Take the listing below and write it out again exactly, skipping any picture that it holds.

═══ Stored data

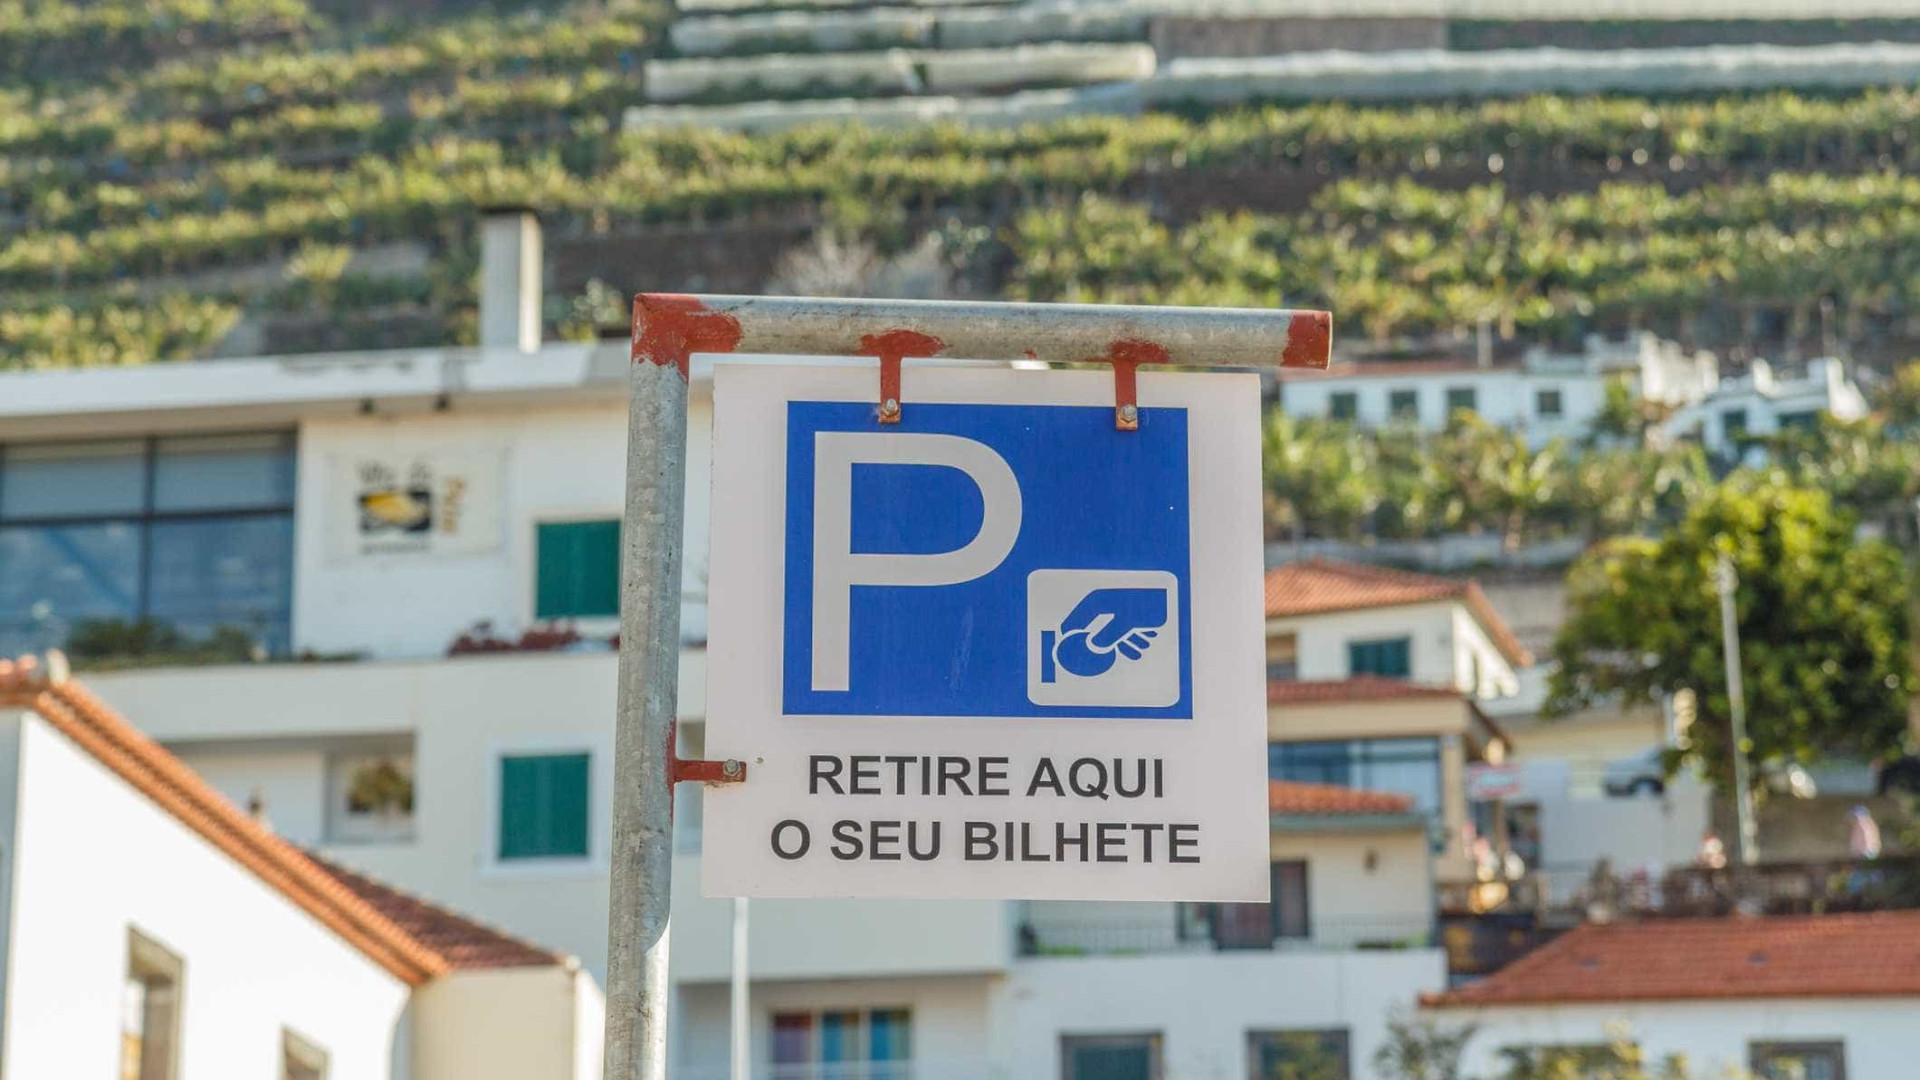 Receitas de estacionamento em Portugal crescem 5,7% em 2016
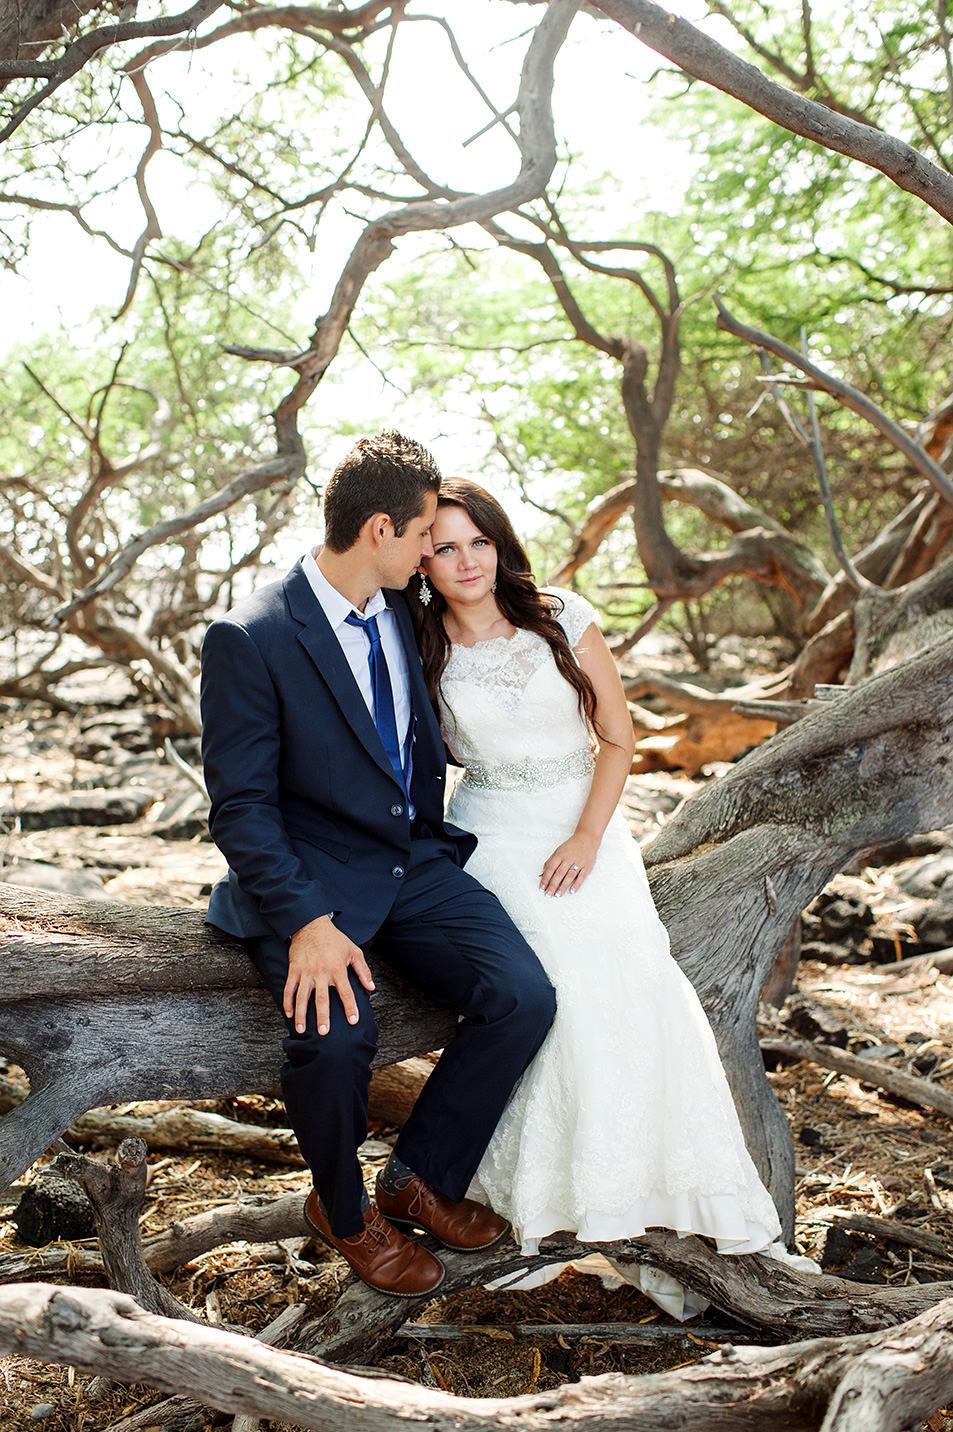 Kona-Hawaii-beach-wedding-Hawaii-wedding-Photographer09.jpg
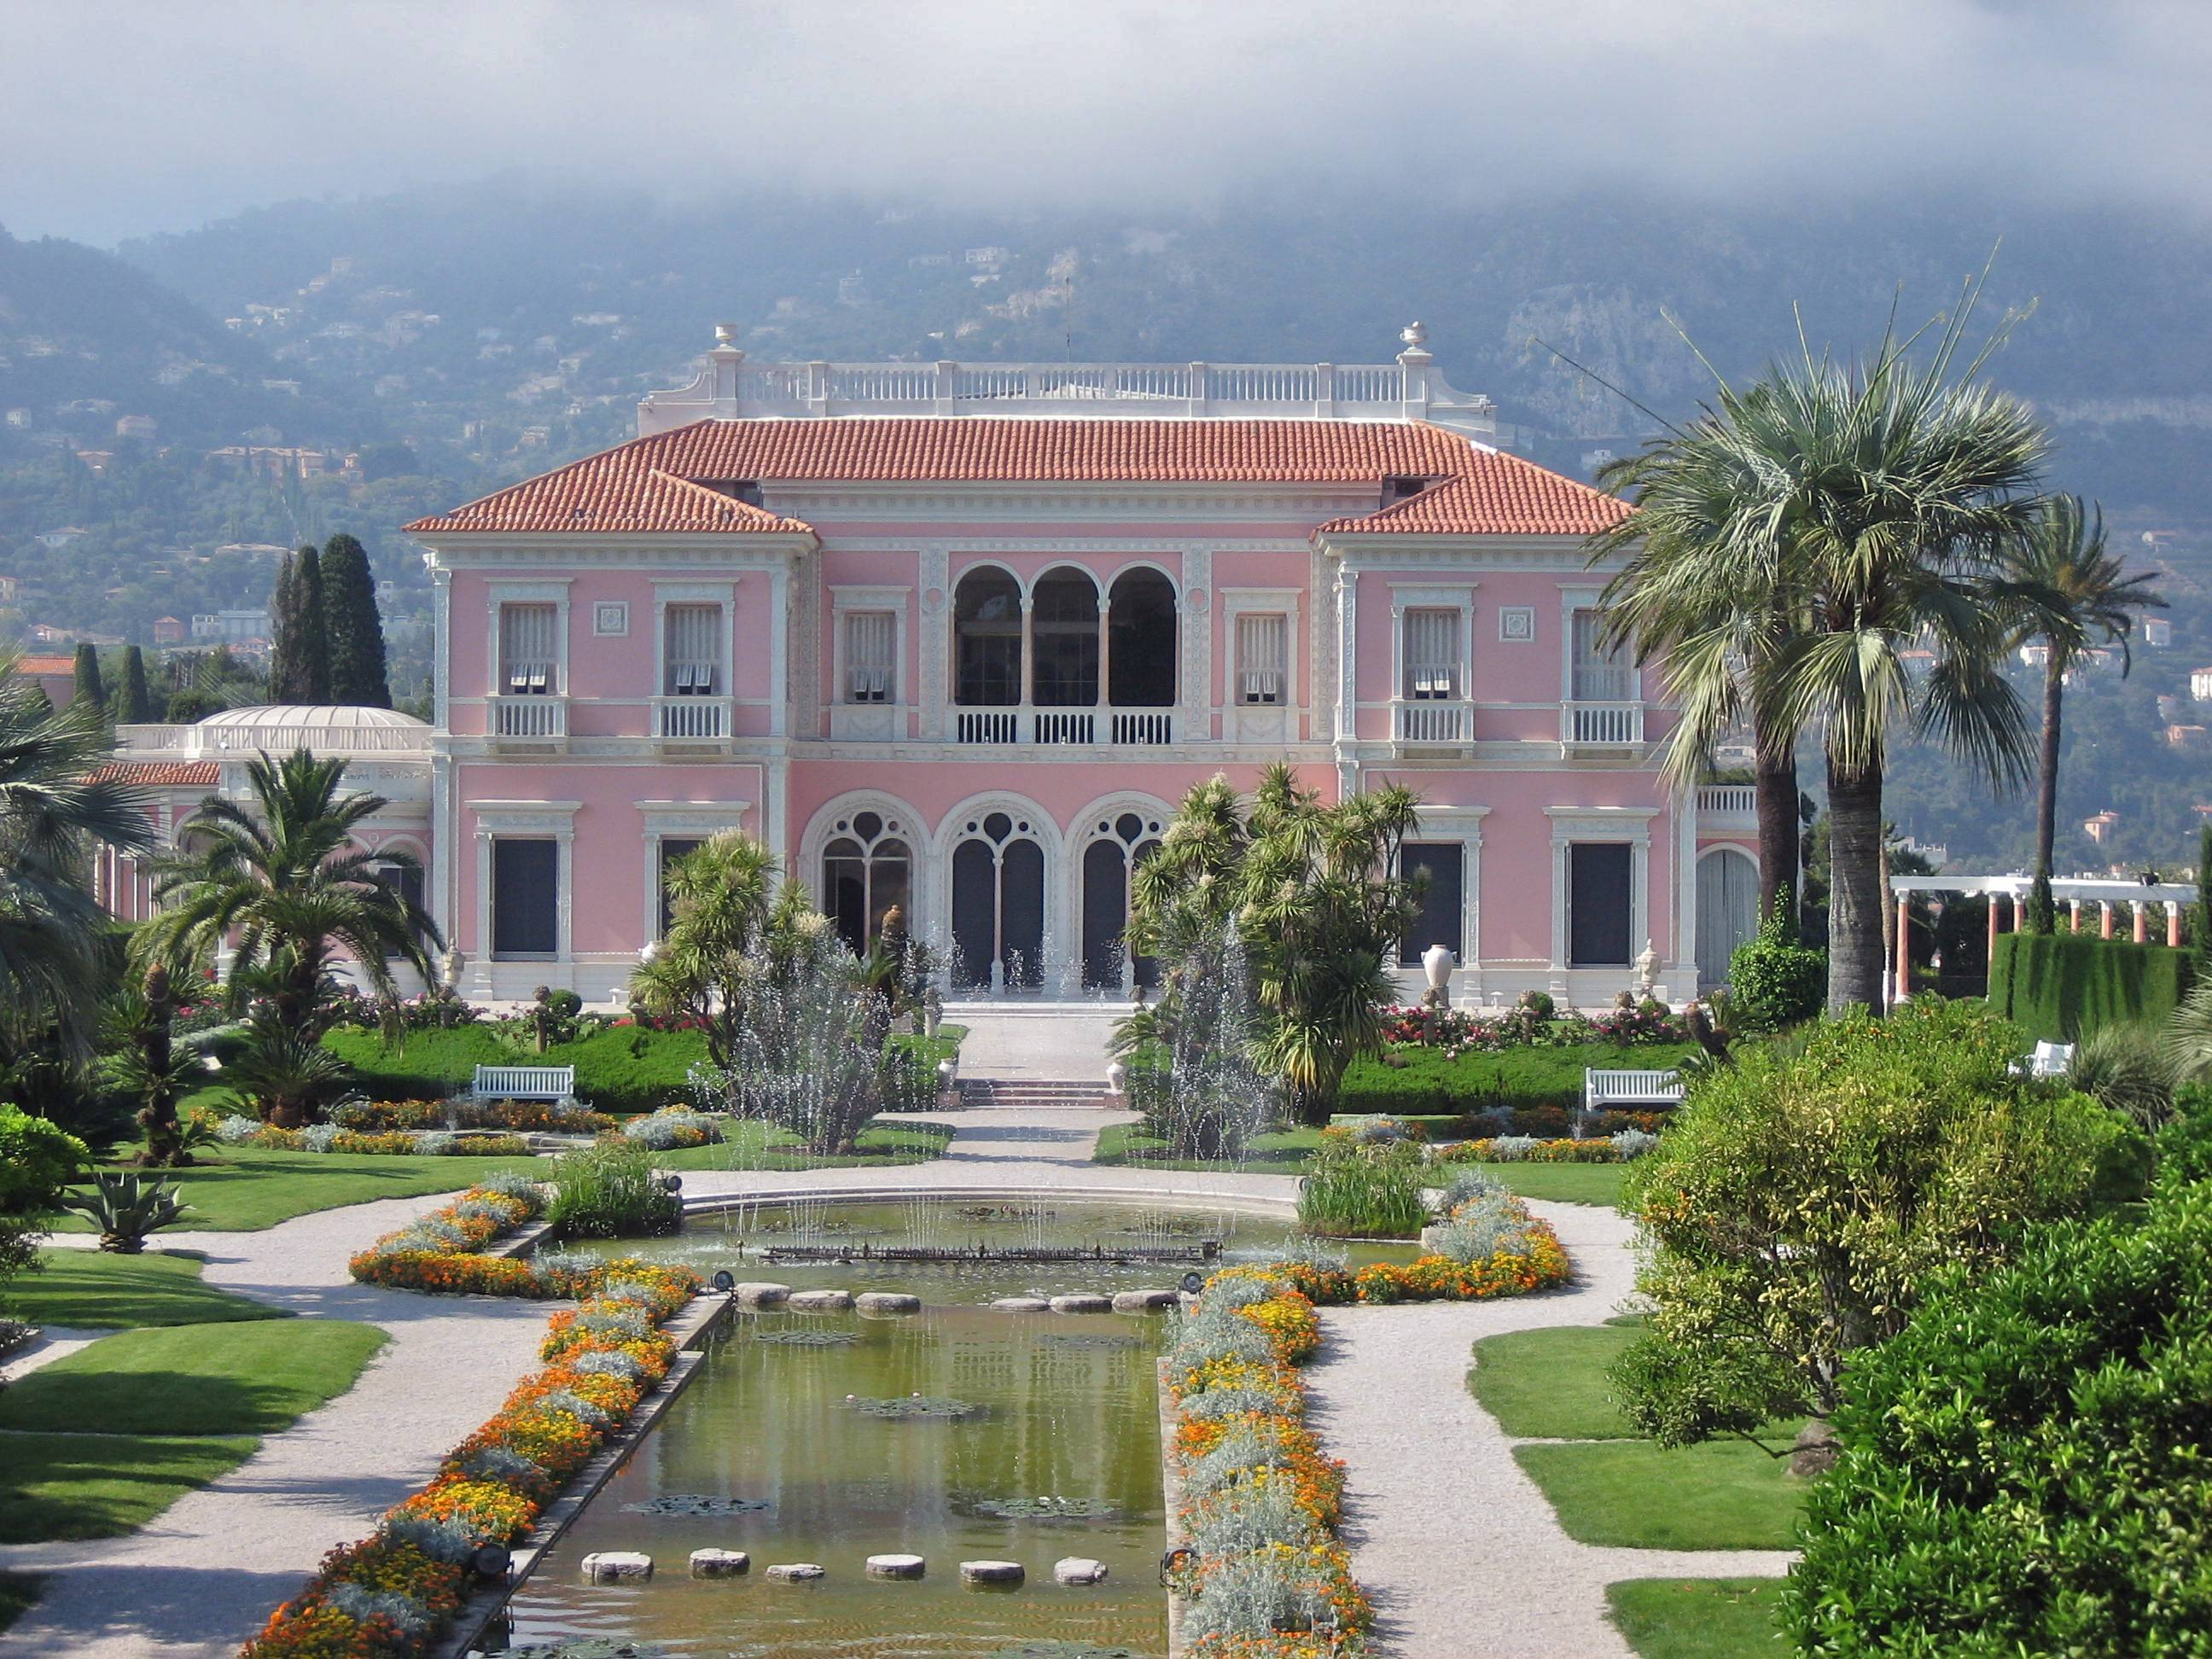 Villa Ephrussi de Rothschild sur la Côte d'Azur

══════

__Response area__.
 Receitas de estacionamento em Portugal crescem 5,7% em 2016
 Kona-Hawaii-beach-wedding-Hawaii-wedding-Photographer09.jpg
 Villa Ephrussi de Rothschild sur la Côte d'Azur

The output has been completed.